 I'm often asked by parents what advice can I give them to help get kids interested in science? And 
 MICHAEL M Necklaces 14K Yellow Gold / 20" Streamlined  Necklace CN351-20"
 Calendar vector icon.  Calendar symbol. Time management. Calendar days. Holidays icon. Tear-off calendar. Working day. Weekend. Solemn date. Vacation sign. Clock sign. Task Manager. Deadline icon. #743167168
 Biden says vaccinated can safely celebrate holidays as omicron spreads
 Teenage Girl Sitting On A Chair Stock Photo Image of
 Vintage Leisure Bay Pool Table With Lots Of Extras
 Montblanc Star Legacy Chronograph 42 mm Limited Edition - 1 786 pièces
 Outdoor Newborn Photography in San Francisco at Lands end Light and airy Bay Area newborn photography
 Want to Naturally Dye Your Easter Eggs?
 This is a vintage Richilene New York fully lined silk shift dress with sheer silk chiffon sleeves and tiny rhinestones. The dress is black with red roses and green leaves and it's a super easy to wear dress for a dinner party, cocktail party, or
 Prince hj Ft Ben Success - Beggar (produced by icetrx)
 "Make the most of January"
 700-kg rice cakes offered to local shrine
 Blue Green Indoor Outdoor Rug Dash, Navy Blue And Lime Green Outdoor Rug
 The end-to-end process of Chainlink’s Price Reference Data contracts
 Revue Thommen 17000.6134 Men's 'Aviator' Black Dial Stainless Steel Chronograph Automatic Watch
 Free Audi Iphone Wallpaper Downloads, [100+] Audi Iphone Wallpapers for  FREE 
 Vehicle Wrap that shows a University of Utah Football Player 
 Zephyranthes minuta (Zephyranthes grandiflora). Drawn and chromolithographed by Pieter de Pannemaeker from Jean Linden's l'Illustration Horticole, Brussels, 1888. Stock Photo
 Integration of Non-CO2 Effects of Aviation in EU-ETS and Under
****************************************
→ **Try it**:
From the records above, return each line that has the string "Outdoor".

→ **Reply**:
 Outdoor Newborn Photography in San Francisco at Lands end Light and airy Bay Area newborn photography
 Blue Green Indoor Outdoor Rug Dash, Navy Blue And Lime Green Outdoor Rug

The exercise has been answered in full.